Gonzalez had a commitment ceremony in July 2007 with his girlfriend, October, though the couple considers themselves married despite not being legally married. They have three children together, two daughters and a son. He has another son who was born in 2001 from a relationship with entertainment reporter Lauren Sánchez. He lives in Huntington Beach, California.

On July 3, 2008, while dining with his family at a restaurant in Huntington Beach, California, Gonzalez noticed a fellow diner choking on a piece of meat at a nearby table, unable to breathe. Gonzalez successfully administered the Heimlich maneuver, saving the diner's life.

Gonzalez campaigned for then-Senator Barack Obama in the 2008 presidential election, saying "this is the first time in my life that I've ever been political about anything."

He was the grand marshal of the 2014 Huntington Beach Fourth of July Parade.

On a season 9 episode of PBS's Finding Your Roots, Gonzalez learned that his great-great-great-grandfather, George, was sold away from his wife Polly and children to a nearby slave owner. In 1866, a year after the end of the Civil War, George and Polly were found listed on a cohabitation record, meaning they had gotten married, as soon as it became legal for them to do so. Gonzalez also learned he is a very distant relative of William Shakespeare and comedian Whoopi Goldberg.

===Other endeavors===
Along with playing in the NFL, Gonzalez has been involved in a number of business ventures. While playing for the Chiefs, he co-founded Extreme Clean 88, a commercial cleaning service in Kansas City. While in Kansas City, Gonzalez also contributed to Shadow Buddies, a charity that works with hospitalized children. Gonzalez, is also an Ambassador for the non-profit, Scholars' Hope Foundation in Huntington Beach. It is an after-school academic enrichment program that helps students be the best version of themselves and to encourage them into higher education.

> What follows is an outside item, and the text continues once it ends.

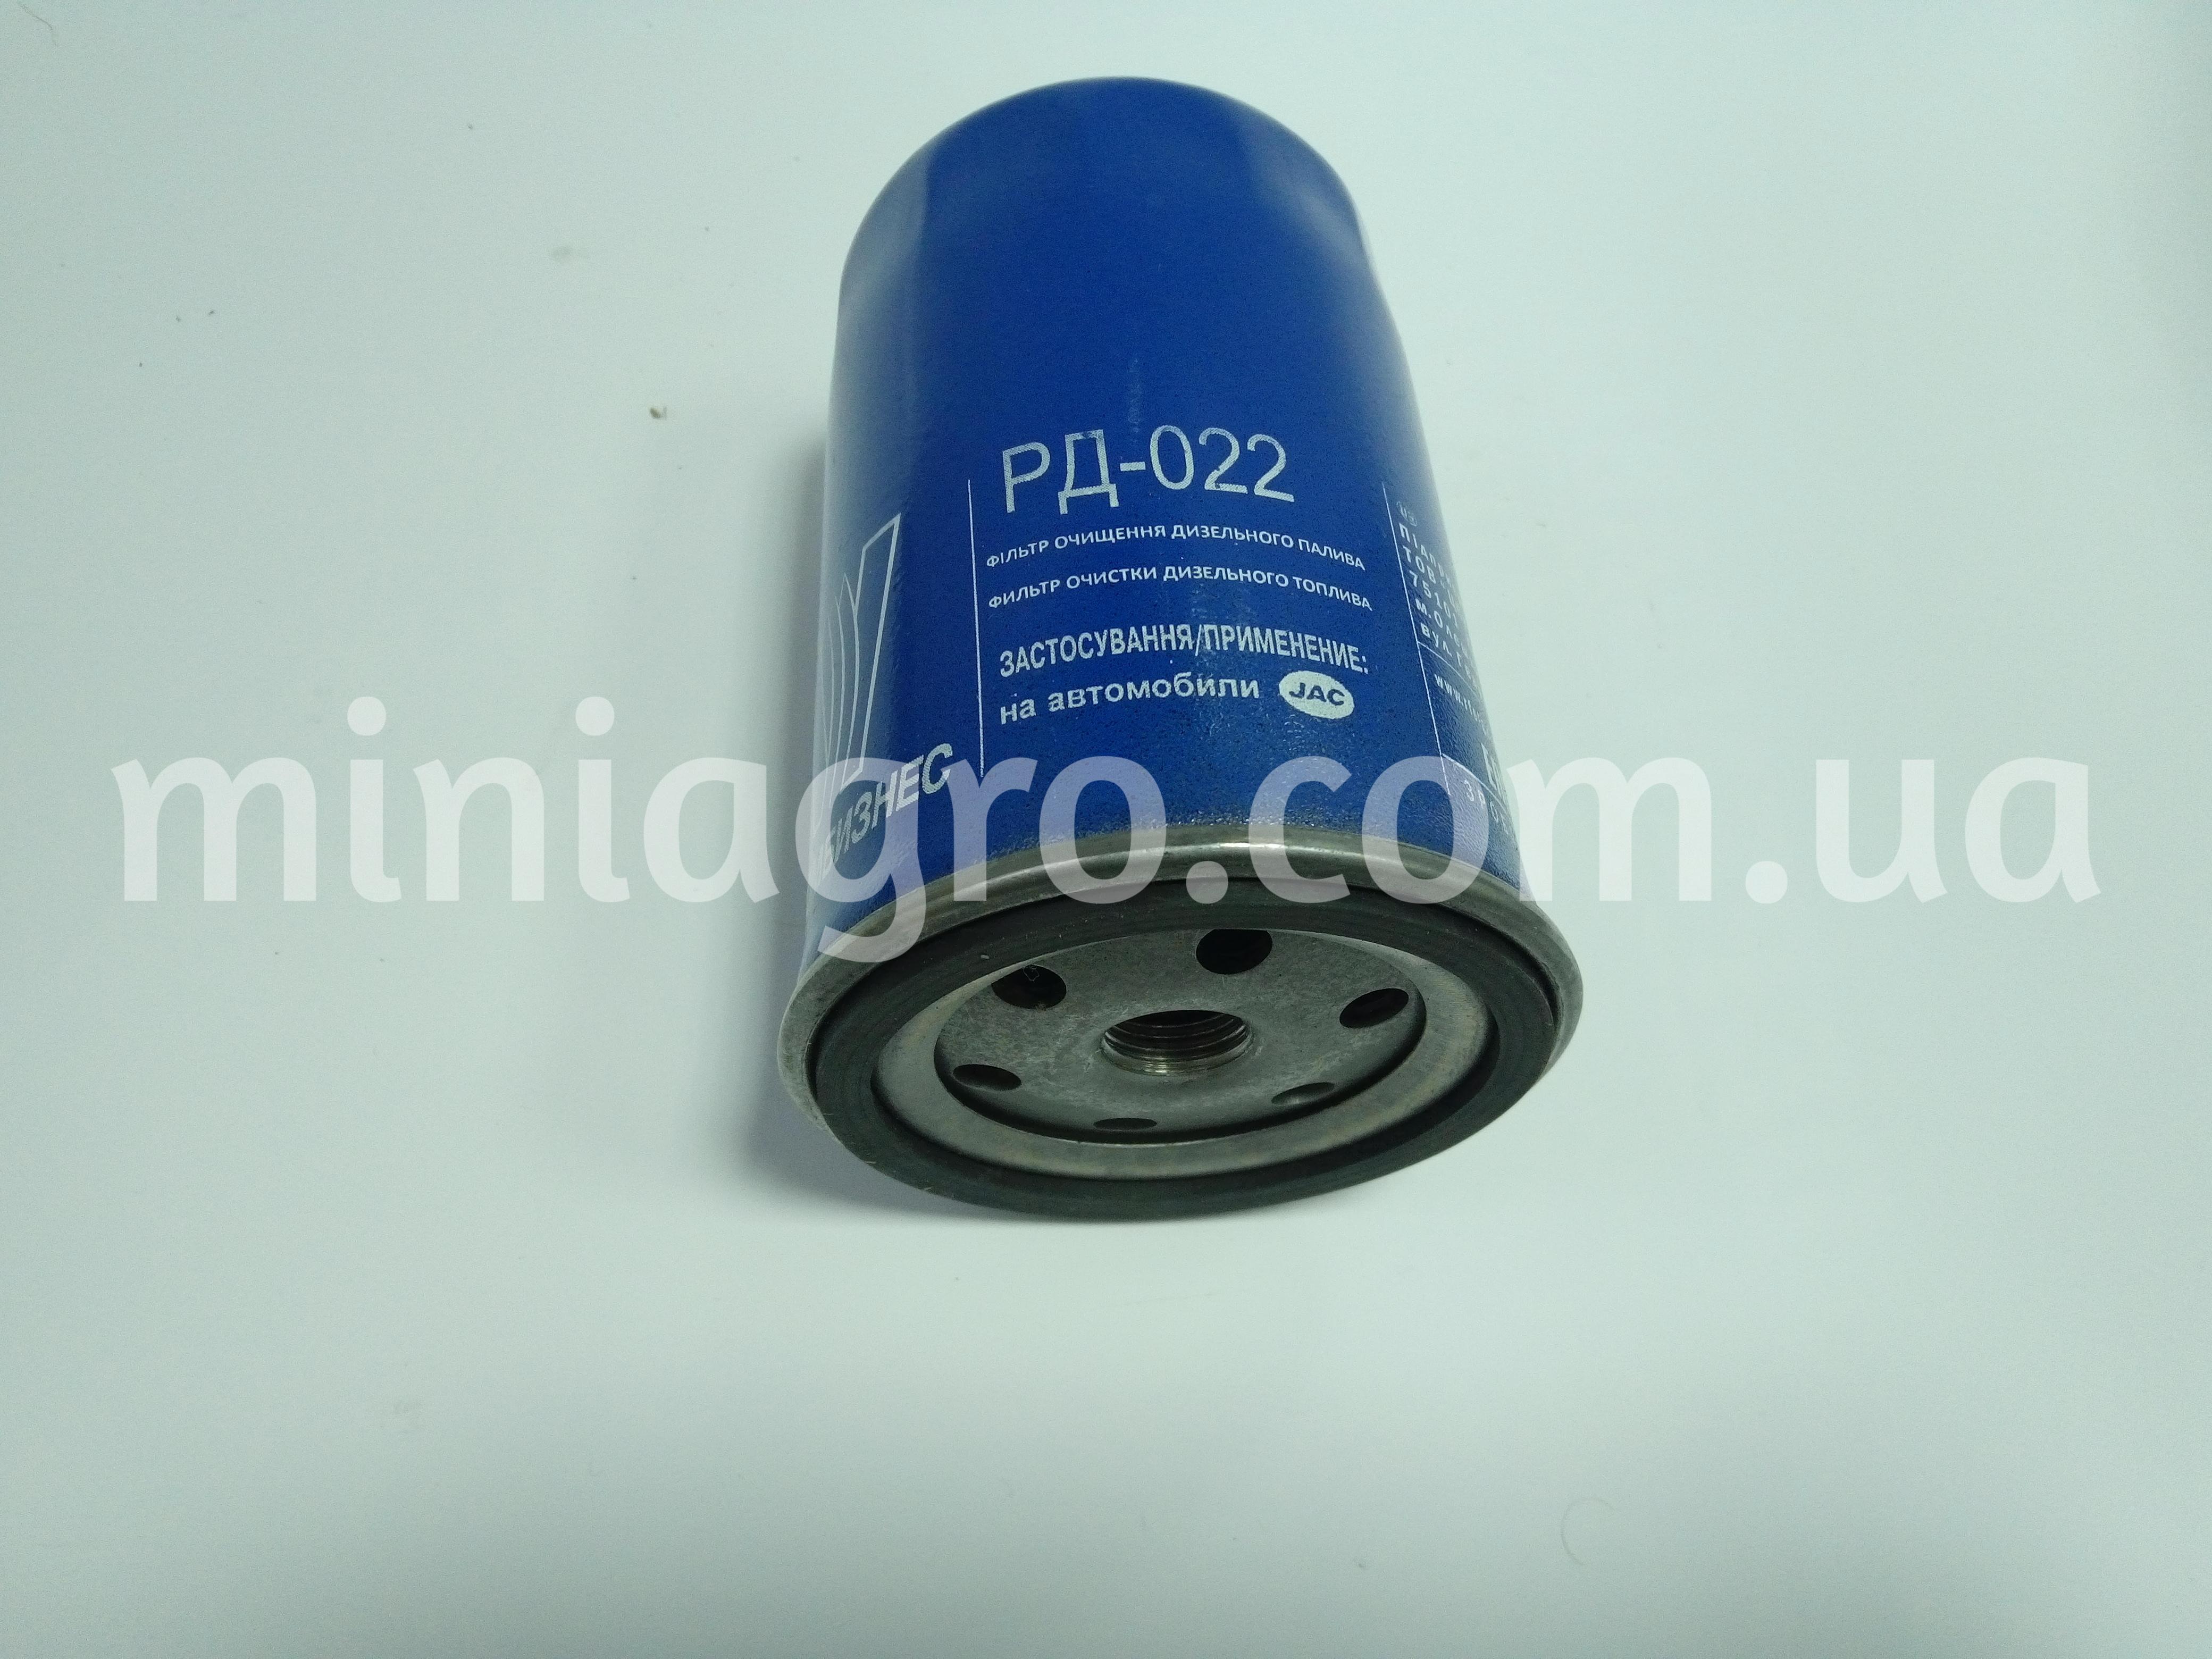 Фильтр топливный РД-022 на КМ385ВТ DF244, FS244, Zoomlion 244rd, Jinma 264, Jinma 244E, Lovol 244

In 2009, Gonzalez co-authored the book The All-Pro Diet. The book, co-written with Mitzi Dulan, the former nutritionist for the Chiefs, details his diet and workout routine and provides practical suggestions for others to follow the same path.

Later in 2009, Gonzalez co-founded All-Pro Science, a sports nutrition company that manufactured a complete line of protein shakes, vitamins and other supplements. The products in the APS line follow a similar philosophy to the one set forth in Gonzalez's book, focusing on a balance of foods from all-natural sources. However, the company's website is inactive and its products are unavailable.

From 2013 to 2017, Gonzalez worked with FitStar, a company that makes mobile fitness apps, helping people get in shape with customized workouts delivered via the iPhone, iPad and iPod touch. He appears in the FitStar Personal Trainer, leading users through personalized Sessions.

In December 2022, Gonzalez joined the Advisory Council of GoodLeap, a sustainable home improvement fintech company, to support its mission of financing renewable energy solutions and promoting environmental sustainability.